• Aim of the exercise:
Repeat the listing verbatim. Drop any pictures.

• Source material:
★ ★ ★
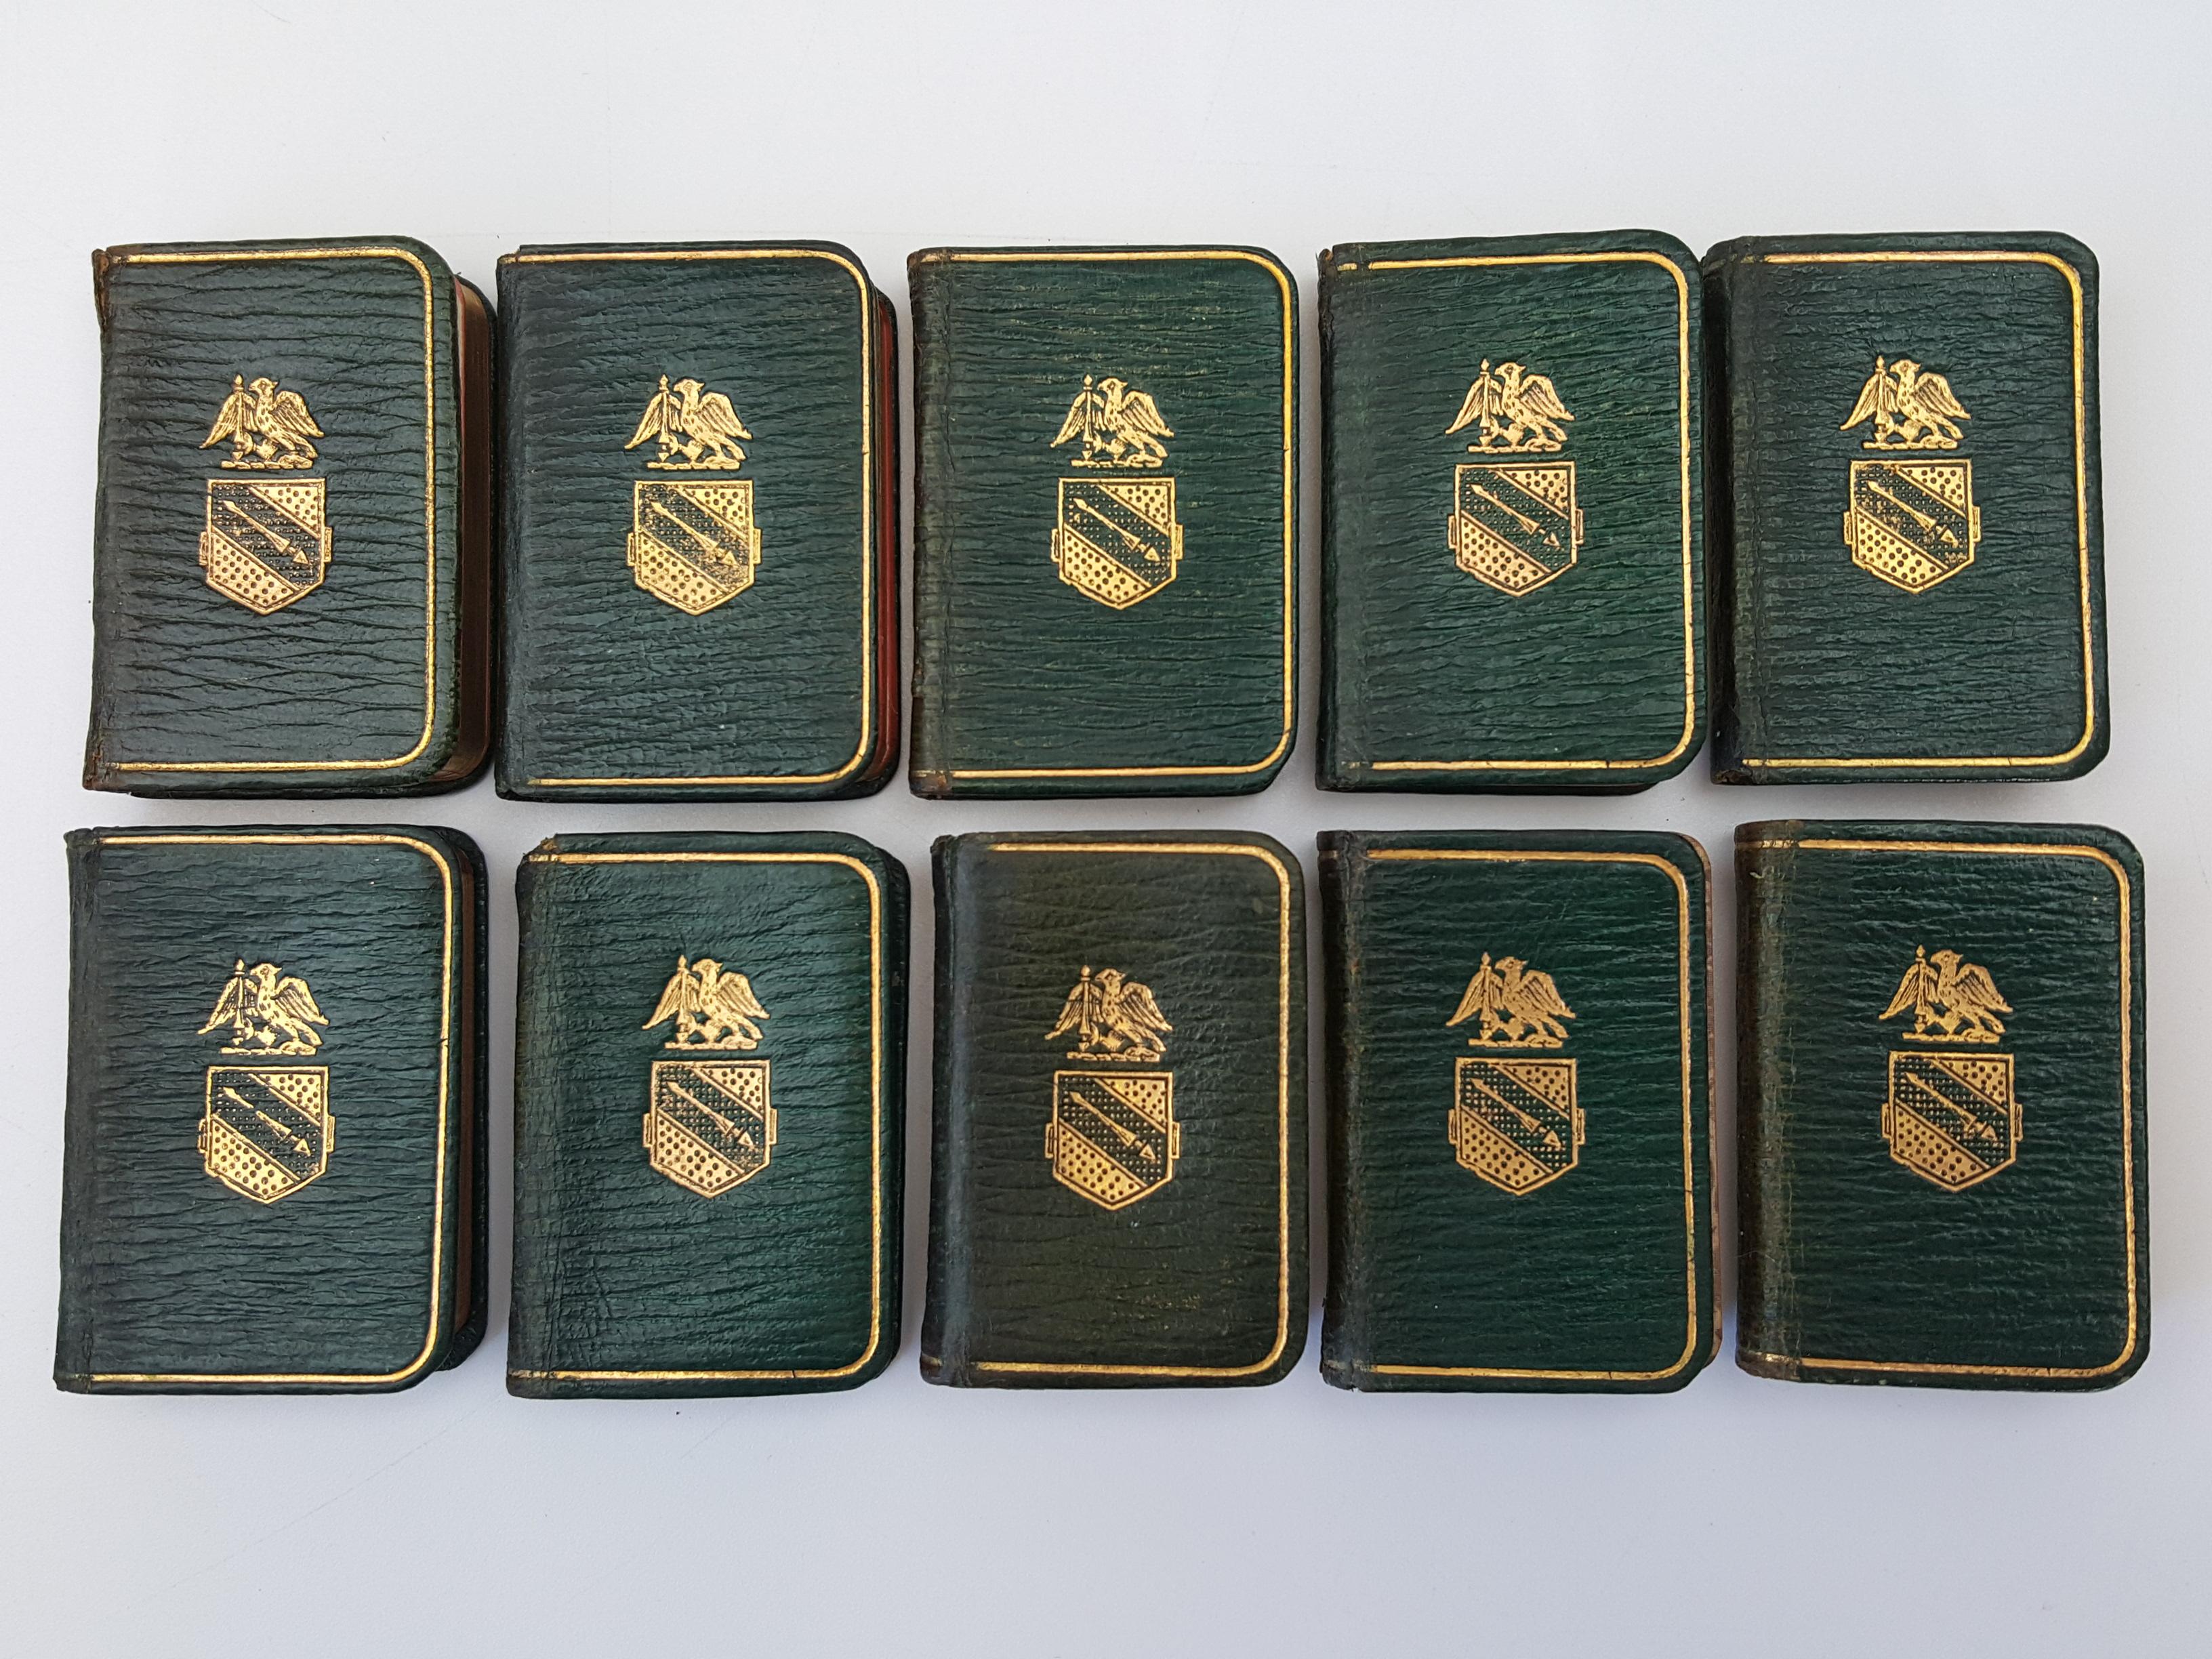 10 Miniature Volumes of Shakespeare [10 volumes]: William Shakespeare, J.
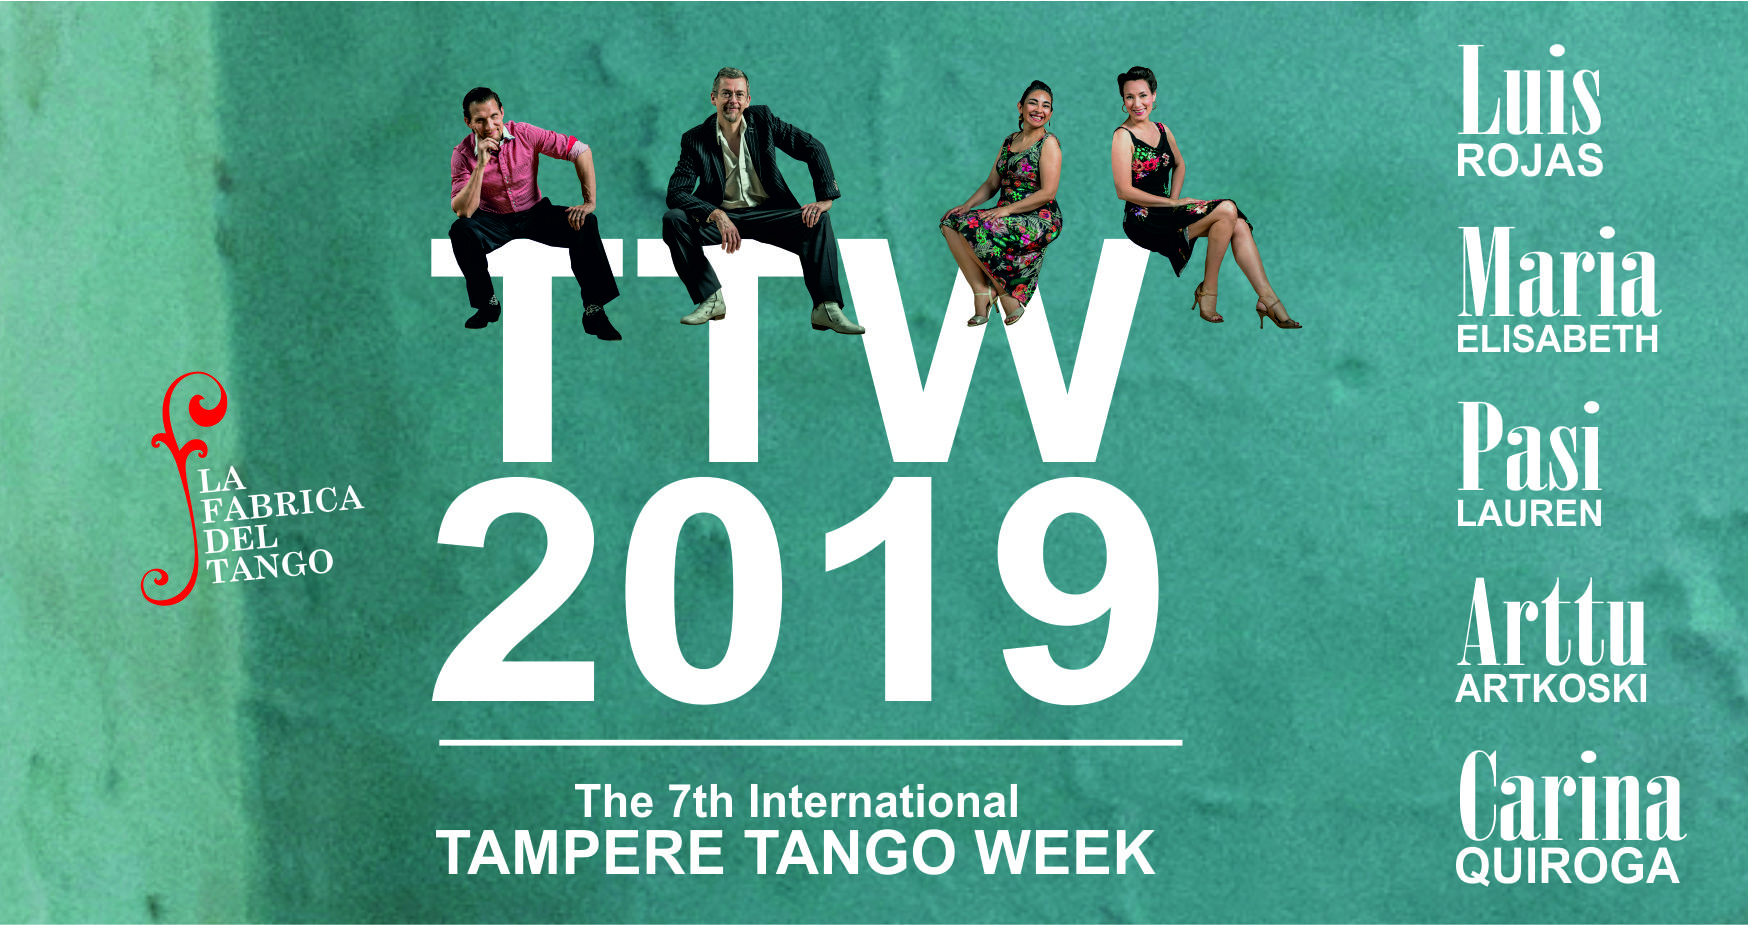 La T4 tango workshop
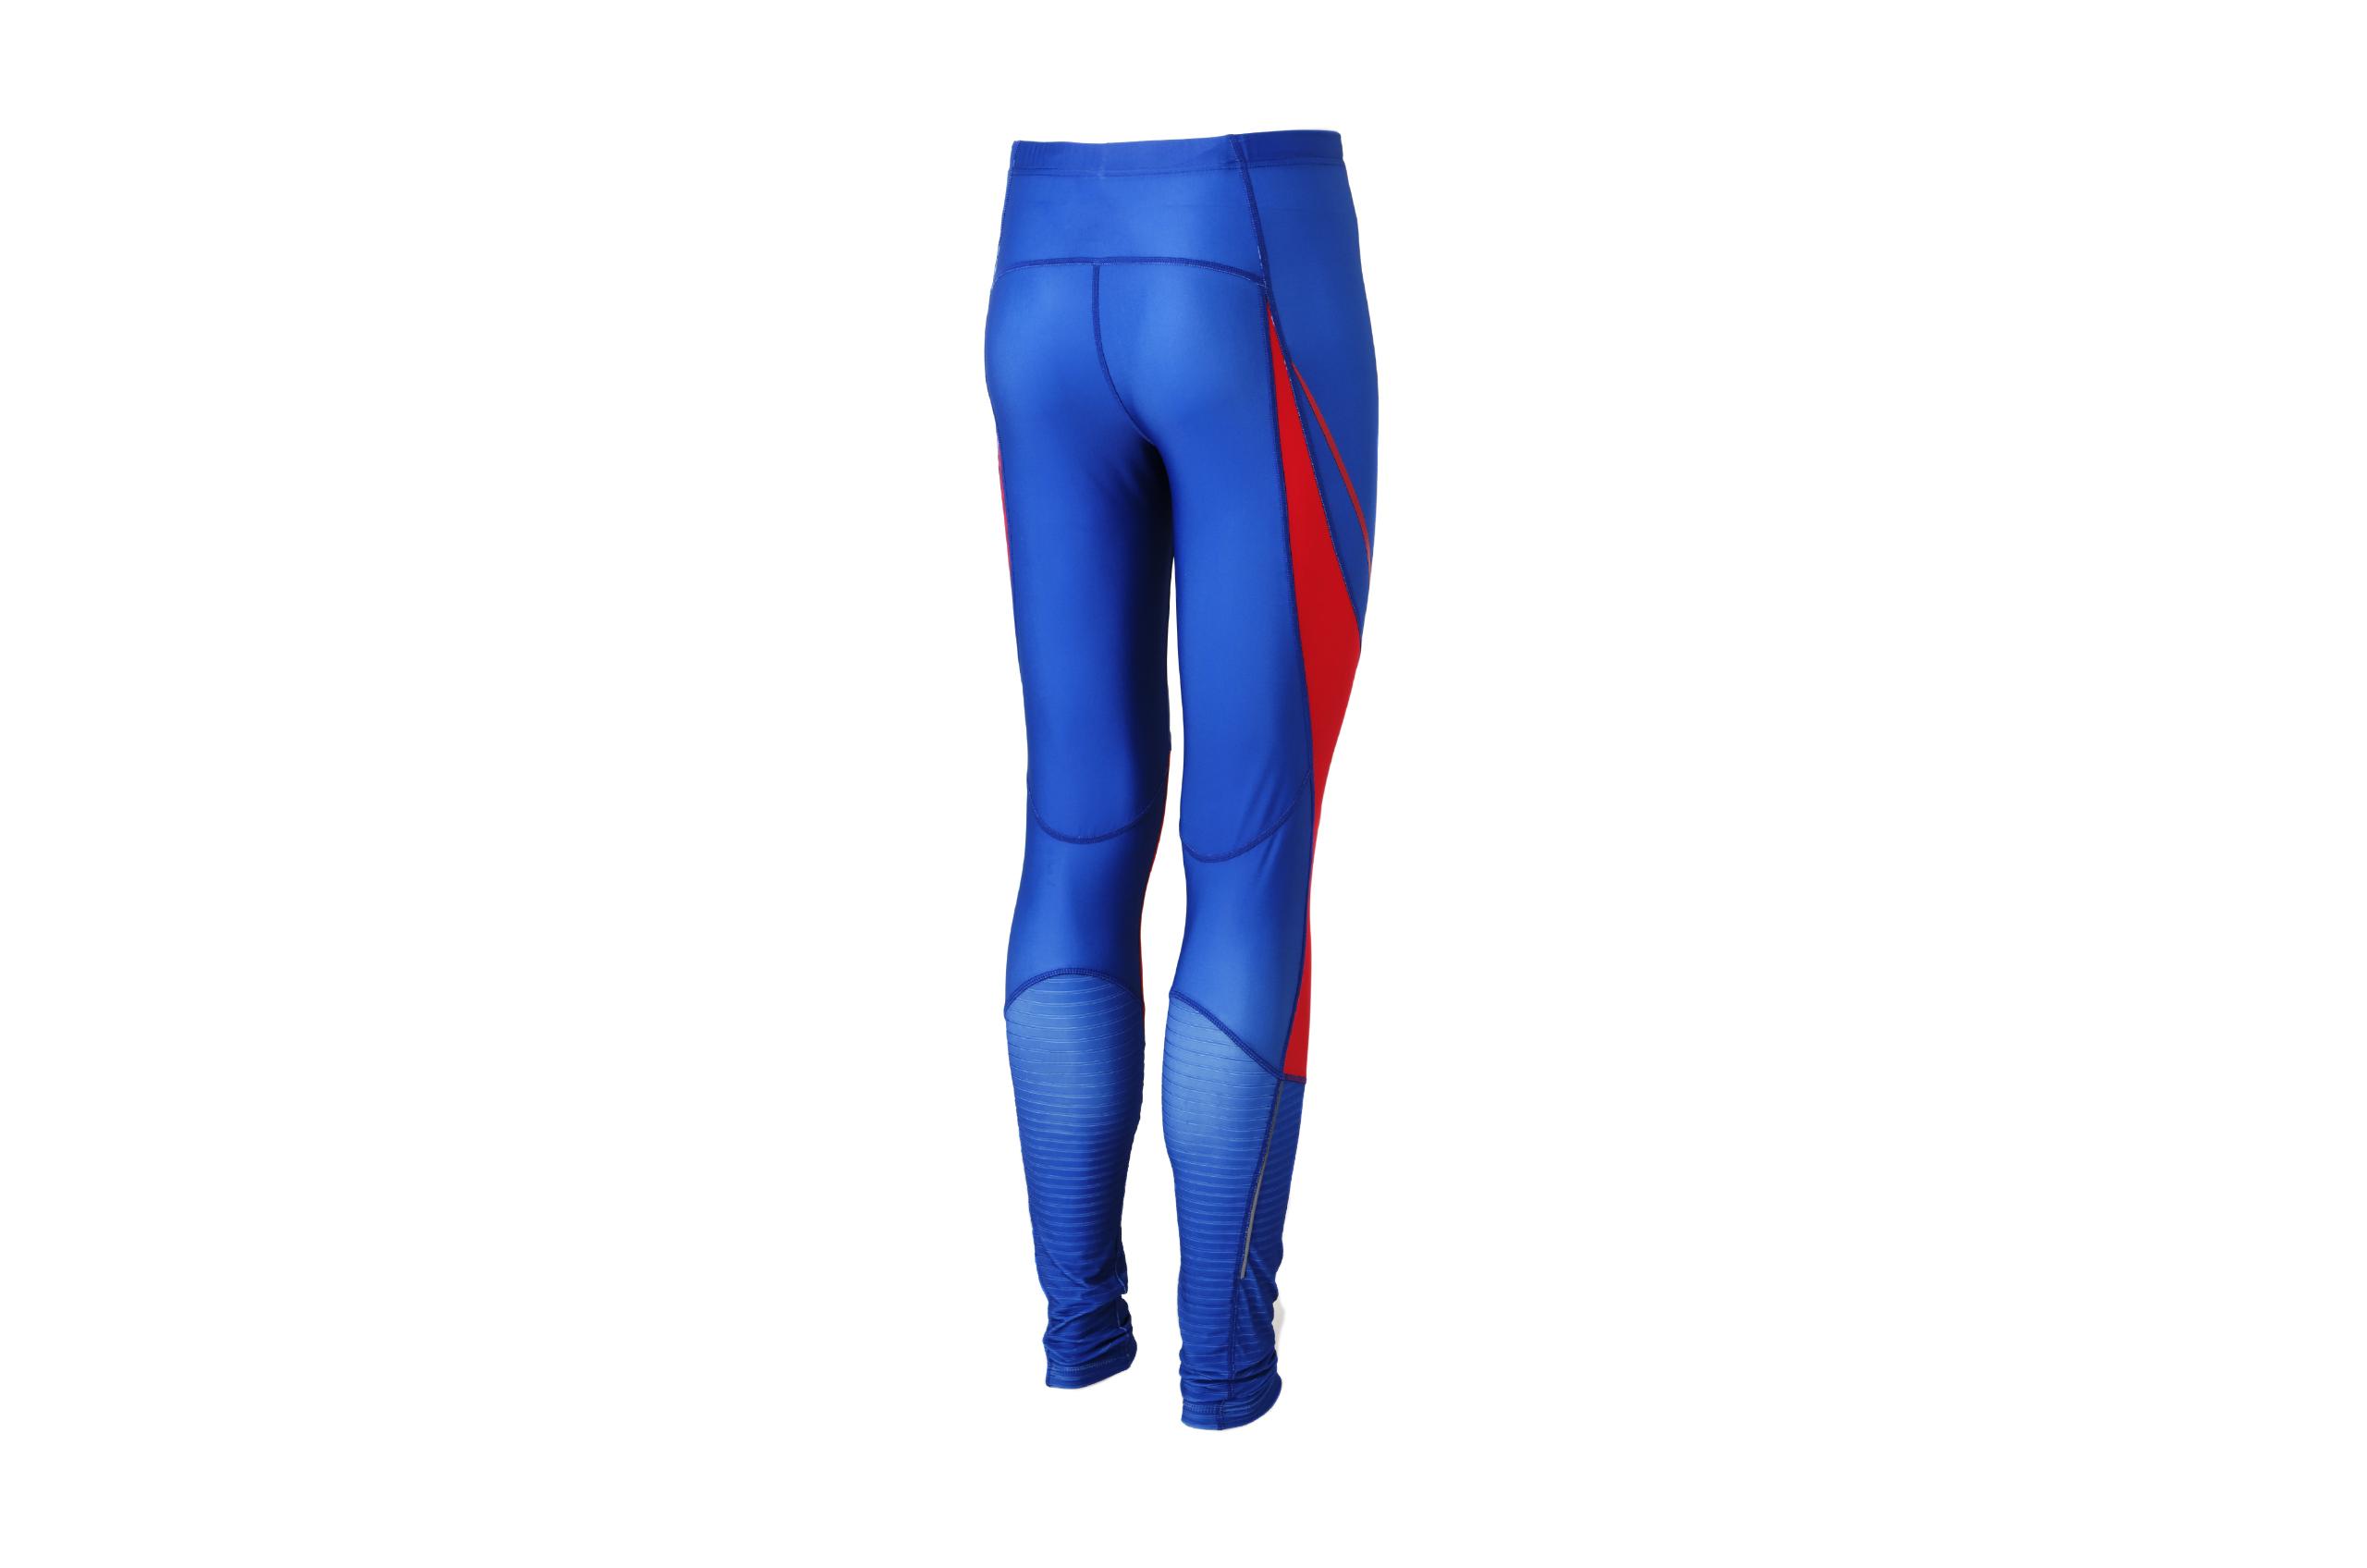 PREMIUM TWO PIECES SUIT UNISEX (red/blue)
★ ★ ★
• Task result:
 10 Miniature Volumes of Shakespeare [10 volumes]: William Shakespeare, J.
 La T4 tango workshop
 PREMIUM TWO PIECES SUIT UNISEX (red/blue)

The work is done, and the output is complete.